■ **Dataset records**
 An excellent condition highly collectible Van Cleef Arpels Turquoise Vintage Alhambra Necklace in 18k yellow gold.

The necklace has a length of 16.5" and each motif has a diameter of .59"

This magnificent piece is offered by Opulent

--

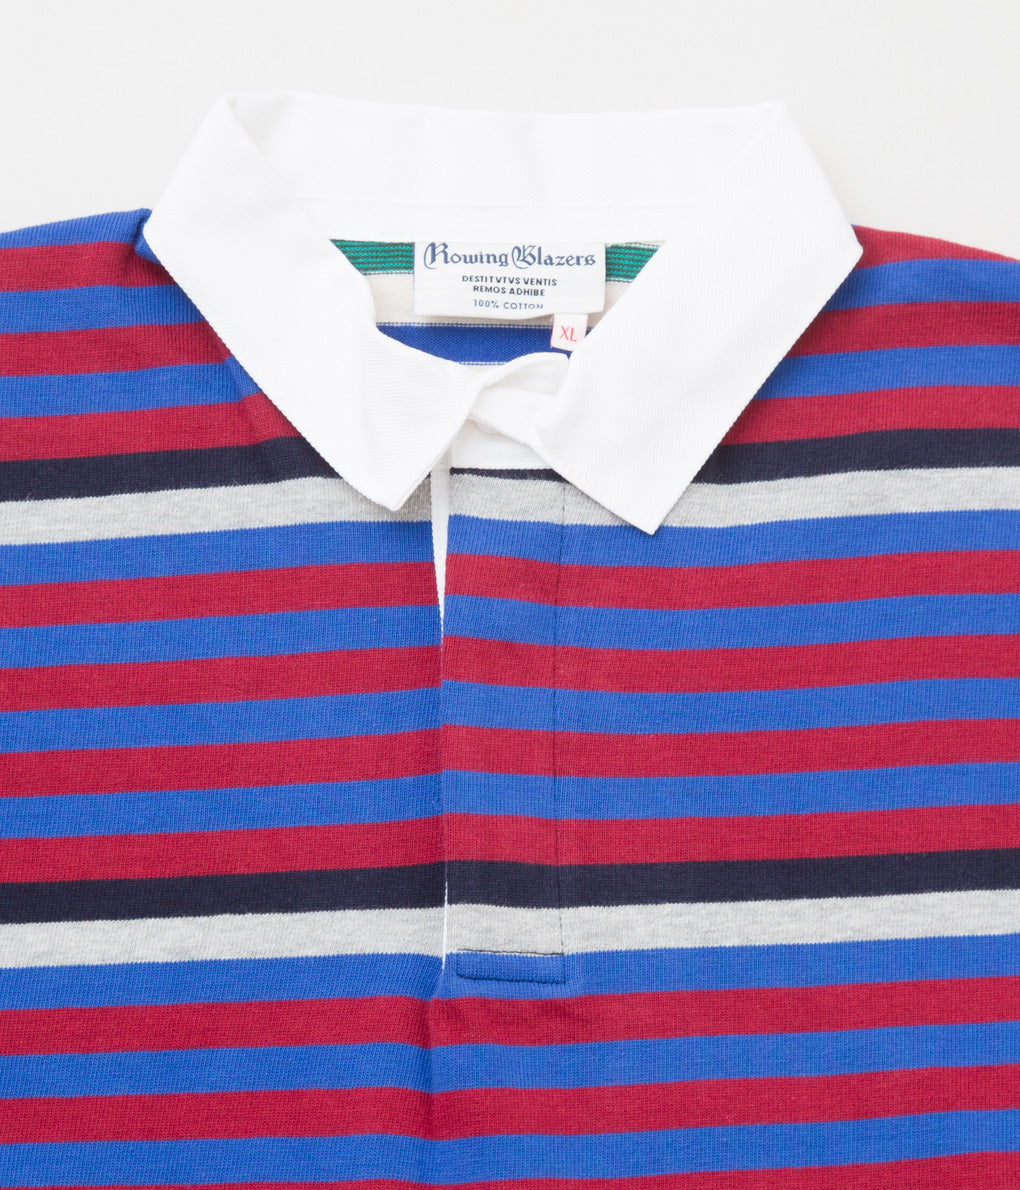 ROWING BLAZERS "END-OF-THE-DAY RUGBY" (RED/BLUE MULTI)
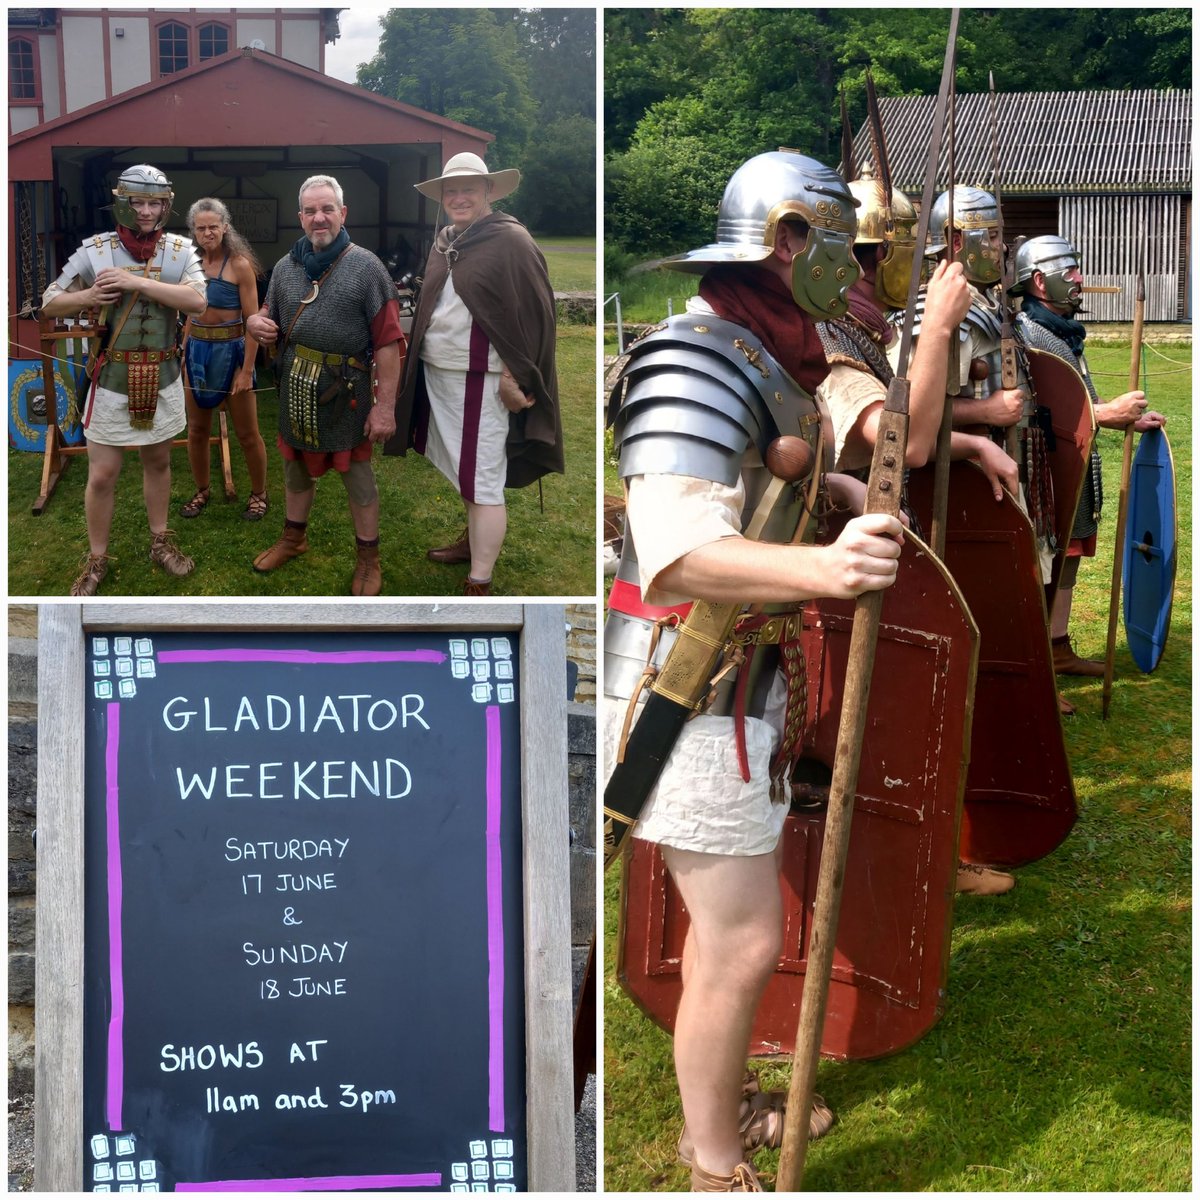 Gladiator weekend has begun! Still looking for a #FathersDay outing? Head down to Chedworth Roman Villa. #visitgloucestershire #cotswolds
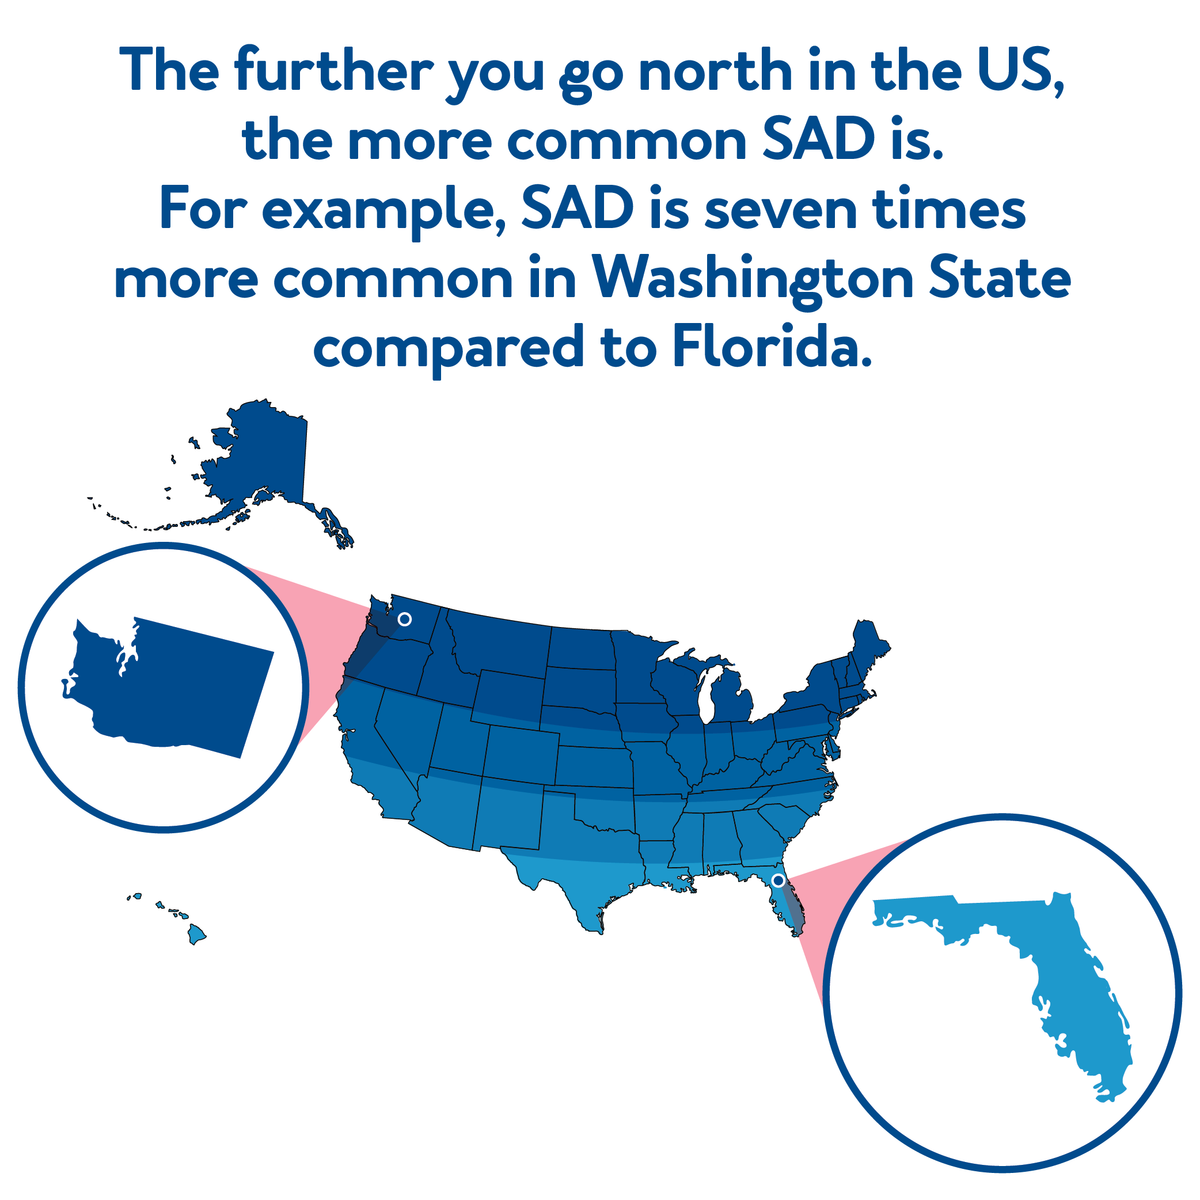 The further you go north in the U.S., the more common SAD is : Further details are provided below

==

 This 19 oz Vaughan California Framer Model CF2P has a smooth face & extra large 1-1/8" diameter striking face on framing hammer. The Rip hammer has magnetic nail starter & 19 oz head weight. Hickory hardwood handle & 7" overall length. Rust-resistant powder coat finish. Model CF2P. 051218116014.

■ **What you have to do**
Across the whole listing above, find every line with the string "This" and copy it.

■ **Response area**
This magnificent piece is offered by Opulent
 This 19 oz Vaughan California Framer Model CF2P has a smooth face & extra large 1-1/8" diameter striking face on framing hammer. The Rip hammer has magnetic nail starter & 19 oz head weight. Hickory hardwood handle & 7" overall length. Rust-resistant powder coat finish. Model CF2P. 051218116014.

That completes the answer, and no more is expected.